Would you transcribe the listing exactly as it stands, minus any images?

Provided data
★ ★ ★

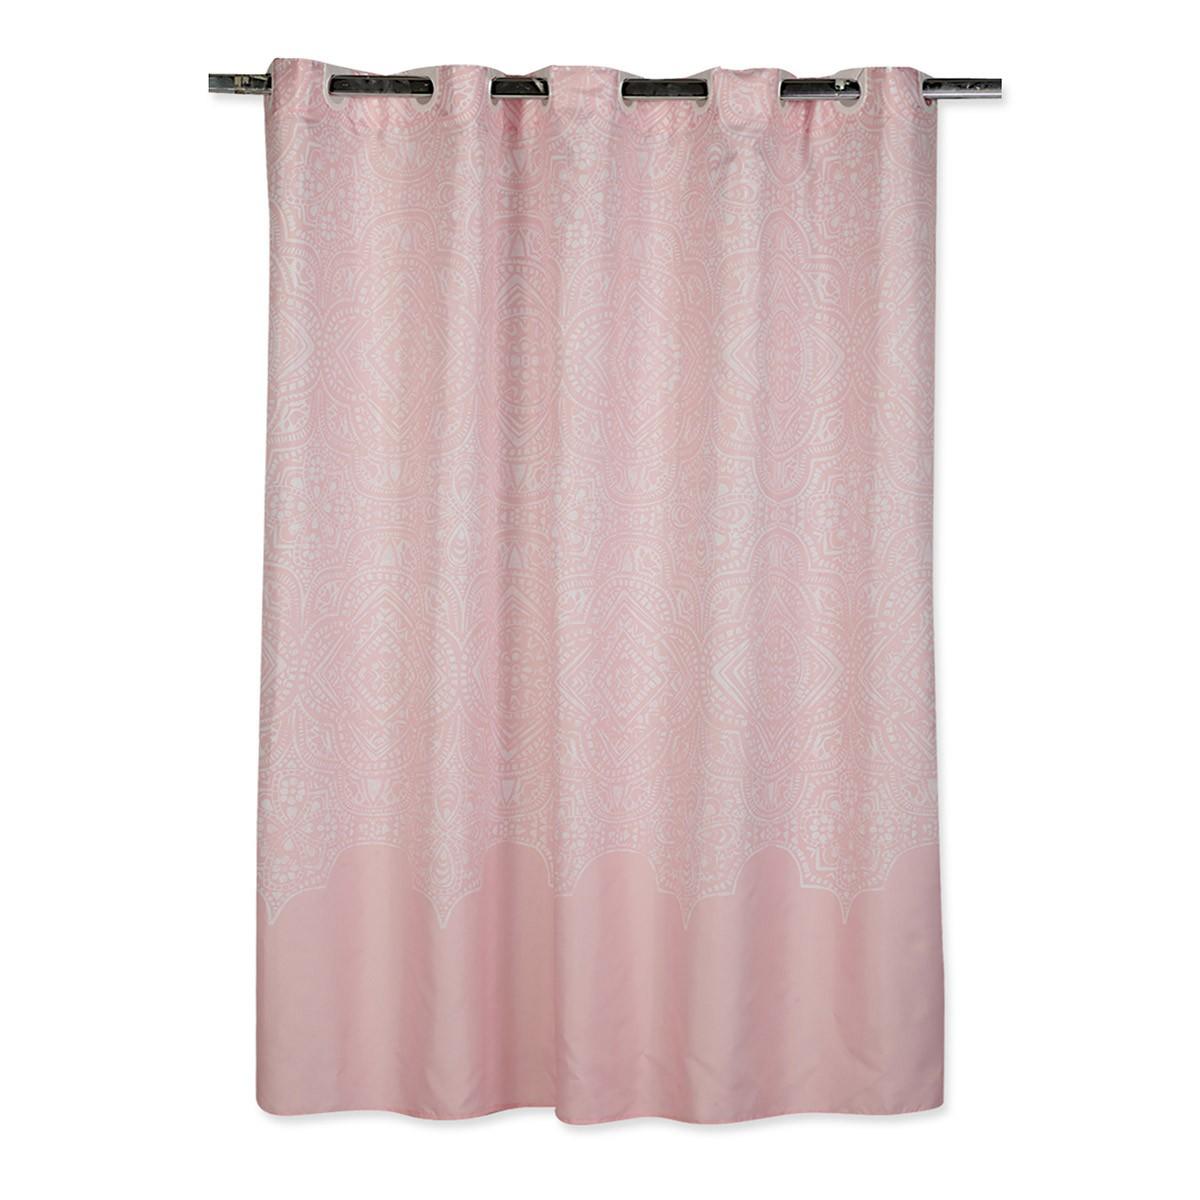 Κουρτίνα Μπάνιου (180×200) Nef-Nef Henna Pink 88642
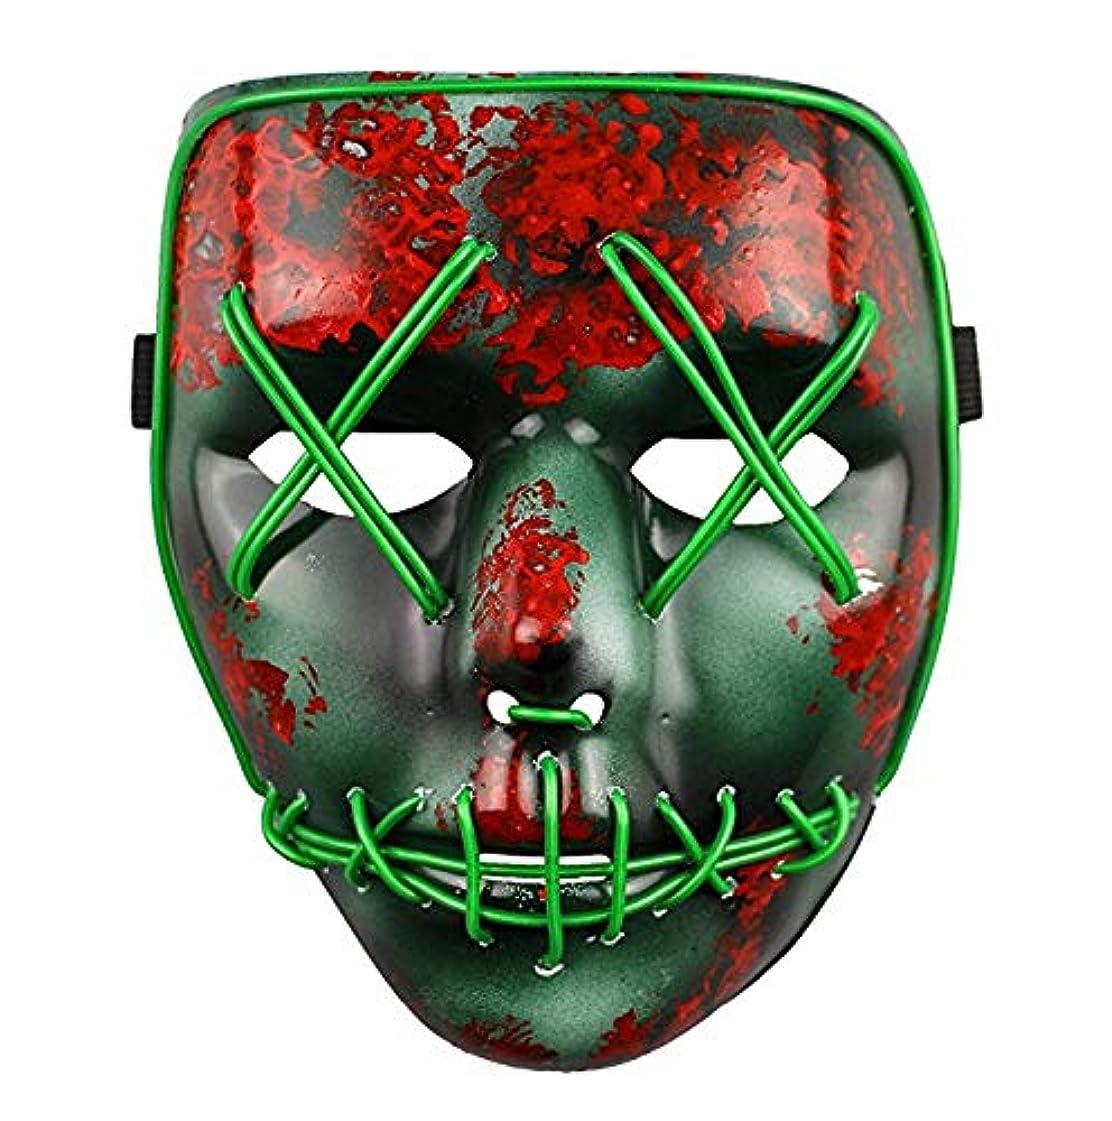 霊意欲延ばすライトアップマスクフェスティバルハロウィンコスチュームアダルトマスク
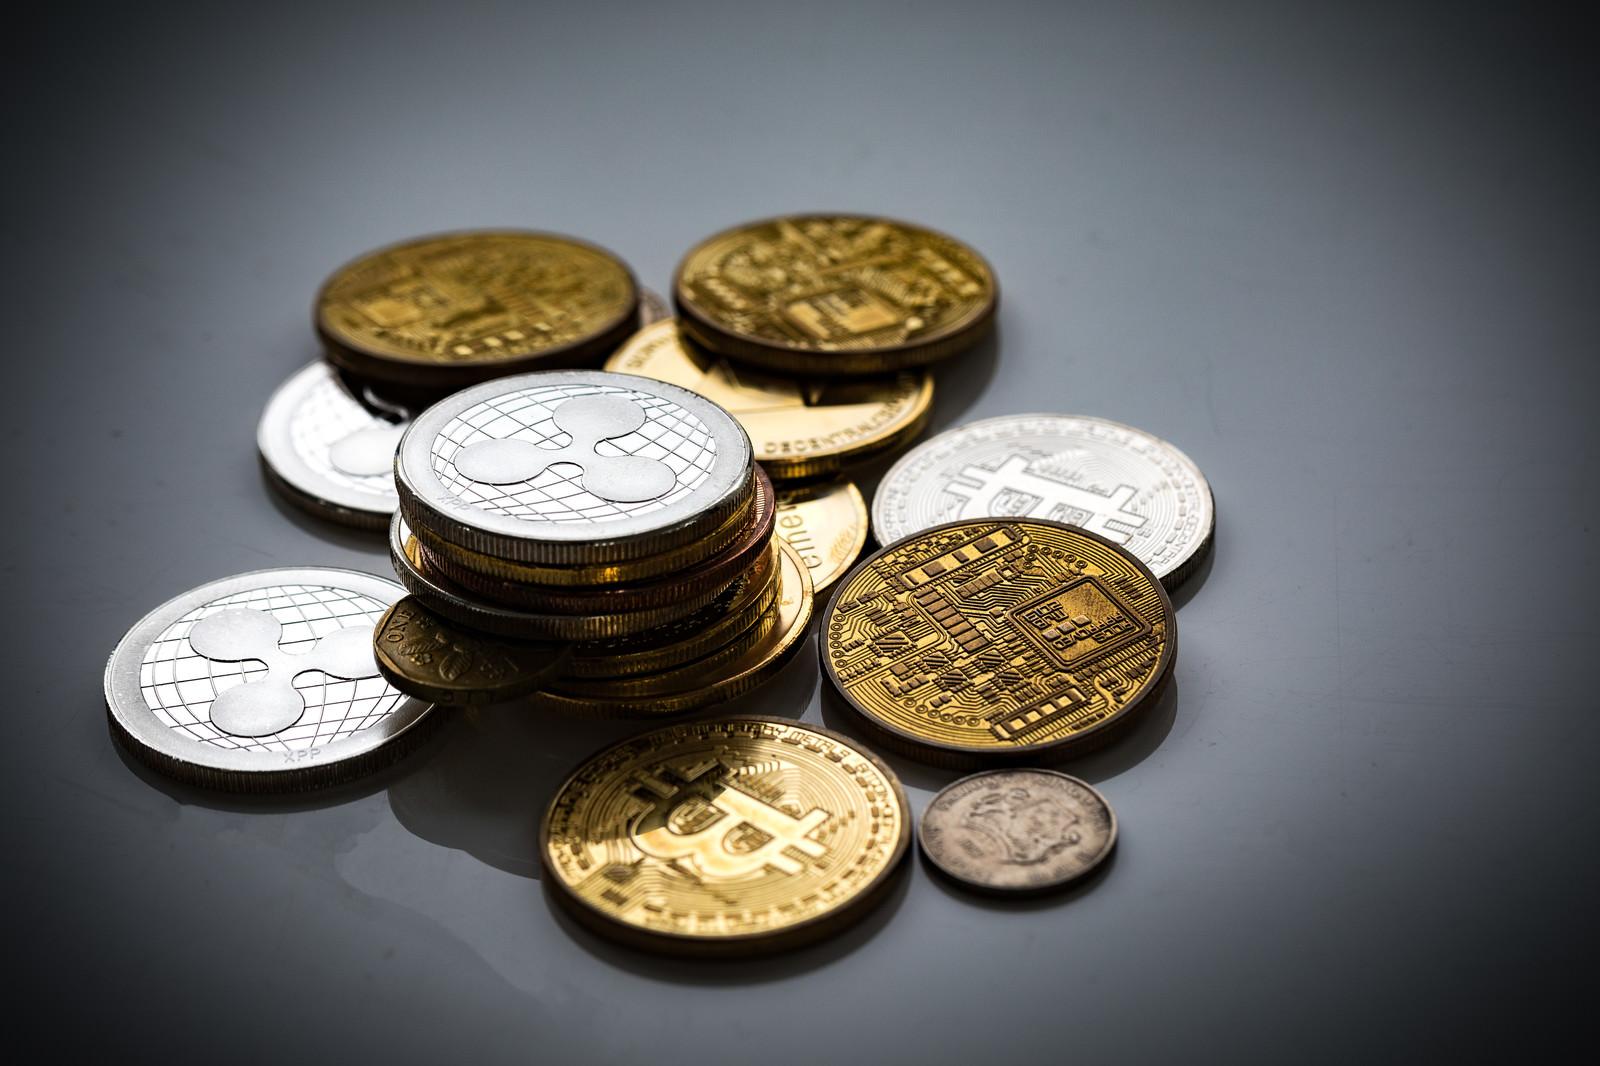 「リップル(XRP)と仮想通貨リップル(XRP)と仮想通貨」のフリー写真素材を拡大

★ ★ ★

Task response
 Κουρτίνα Μπάνιου (180×200) Nef-Nef Henna Pink 88642
 霊意欲延ばすライトアップマスクフェスティバルハロウィンコスチュームアダルトマスク
 「リップル(XRP)と仮想通貨リップル(XRP)と仮想通貨」のフリー写真素材を拡大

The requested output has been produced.